Patrick Geddes: The French Connection
Until April 18; Scottish National Portrait Gallery, Edinburgh


I never envied the task of the Patrick Geddes exhibition committee: to mount an art exhibition about a man who never made art. Patrick Geddes, active in late 19th and early 20th century Edinburgh, surrounded himself with artists and thinkers, and had an irrepressible energy for making things happen. You can’t point at a picture and say “Geddes made that,” but instead you might explain how Geddes brought the artist into contact with the people, styles, ideas or places which made it what it is.

And therein lies the problem. While Patrick Geddes’s influence lies firmly at the root of the Scots Renascence, the Celtic Revival, and Edinburgh’s contribution to the Arts and Crafts Movement (to name but a few), it is not immediately visible at the surface. Aware of the perils of trying to do too much at once, the six-strong exhibition committee chose to focus exclusively on Geddes’s life-long connections with France.

The show, tucked neatly into that cheerful concourse between the Portrait Gallery’s shop and café, is inevitably top-heavy with documentation and interpretation, but also offers a fascinating array of Scottish and Breton paintings which clearly speak of cross-cultural dialogue.
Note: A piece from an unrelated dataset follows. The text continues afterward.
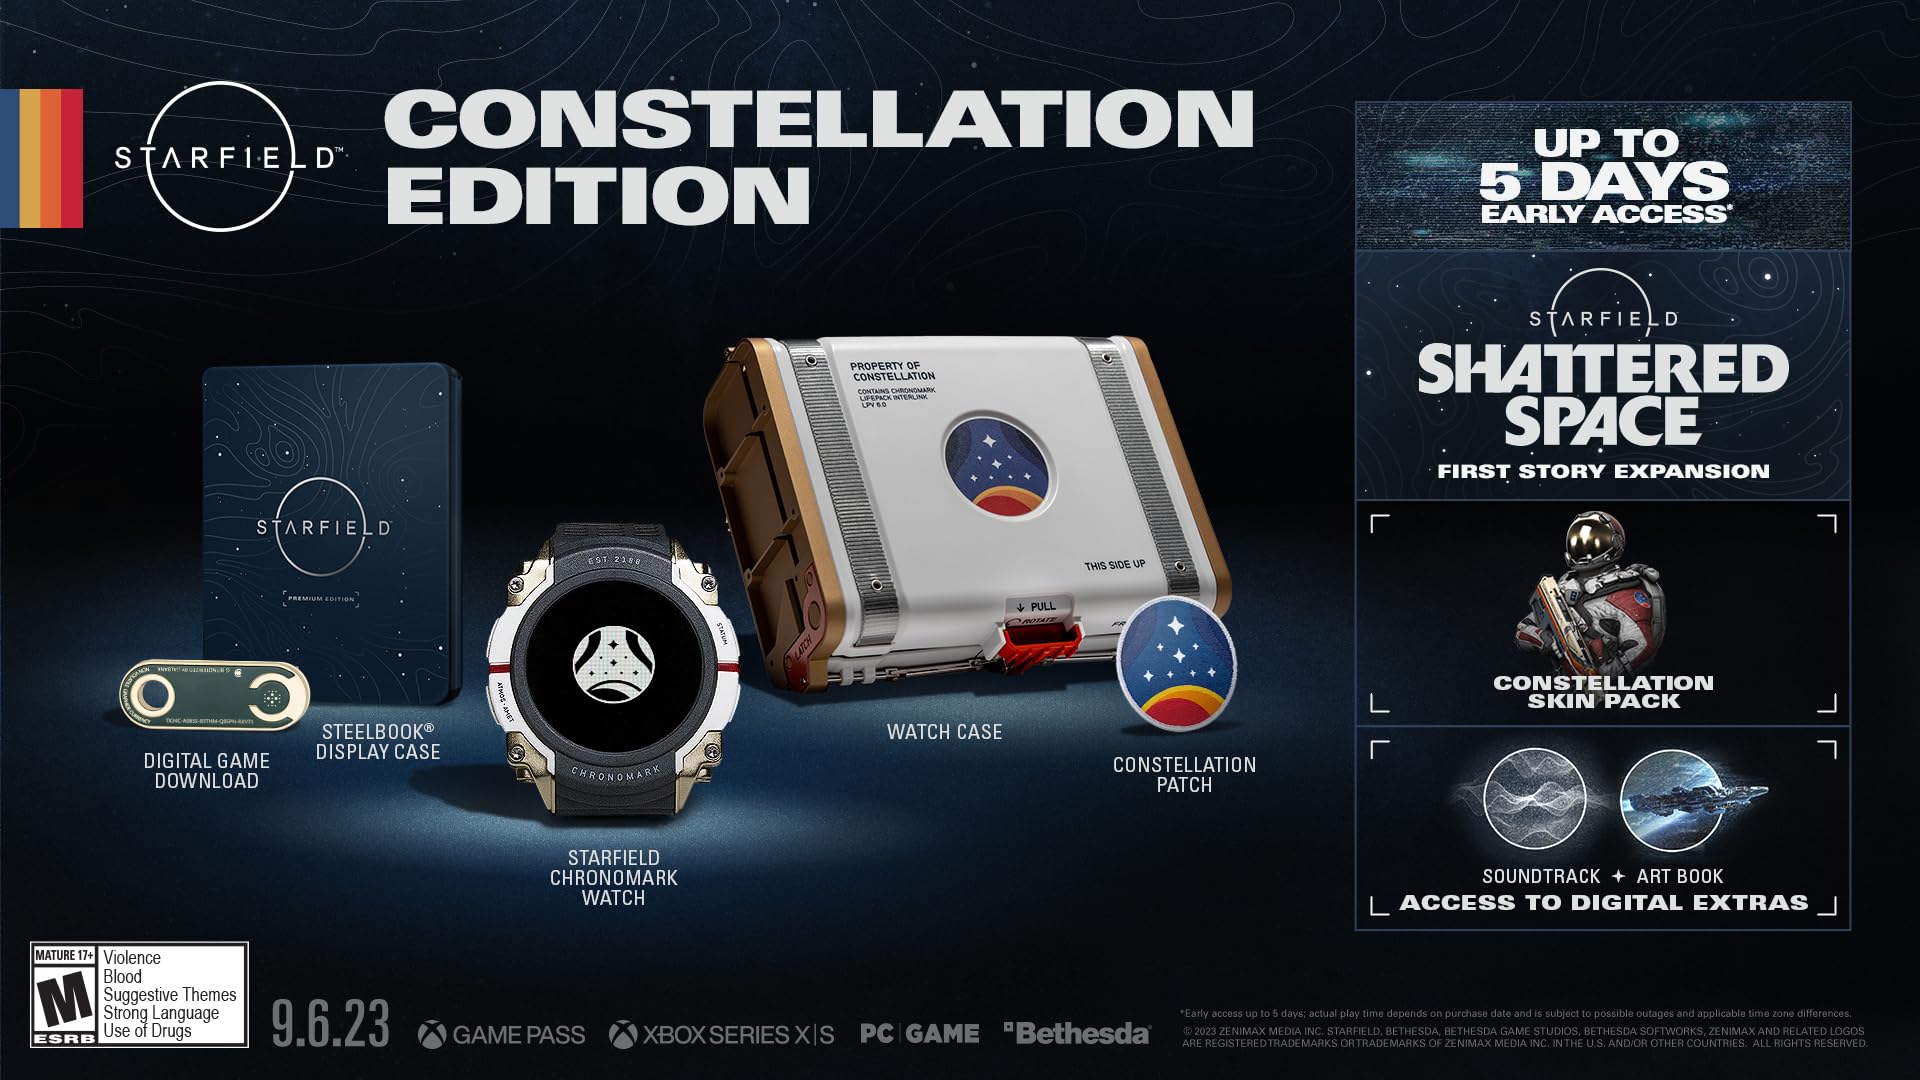 Starfield: Constellation Edition - PC (not playable until 9/1)

John Duncan and Charles Mackie were two key Scottish artists in Geddes’s circle, and their works feature in the show alongside that of Gauguin’s follower, the Nabi painter Paul Sérusier, as well as Lucien Pissarro (son of the better known Camille), and even Edouard Vuillard. Common themes recur, such as that of rustic peasants in seasonal tasks, and there are clear stylistic connections, seen in flat, decorative schemes with starkly delineated areas of local colour. Prime among these is Sérusier’s Apple Picking, whose six serene Breton women take centre stage in the larger of the two exhibition rooms. I would have liked to have seen Gauguin’s Vision after the Sermon borrowed from up the road to complete the set.

Equally, it would have been pleasing to see some of the richly decorative embroideries of Phoebe Anna Traquair (another of Geddes’s circle) hung next to John Duncan’s mural designs for Pitreavie Castle. Duncan and Mackie did a great number of murals at Ramsay Garden, Geddes’s intellectual colony near Edinburgh Castle, but it is a disappointment to find that these are only represented by post-card sized reproductions.

The display cases, video and wall panels bring Geddes’s summer meetings to life, where men and women from Scotland and beyond shared their thoughts on philosophy, geography, language and culture, in what must have been a liberating intellectual environment. There are four display cabinets in all, the contents of which will no doubt make a fascinating book (due out in April), but this amount of correspondence and printed material inevitably leads to fatigue in even the most dedicated of visitors.

Nonetheless, the show successfully makes a connection between the French artists and their Scottish contemporaries, and establishes Geddes as the link between them. The overall design is elegant, and given the tough challenge they faced, the curators have done a fairly remarkable job in telling the story of Geddes and his French Connection.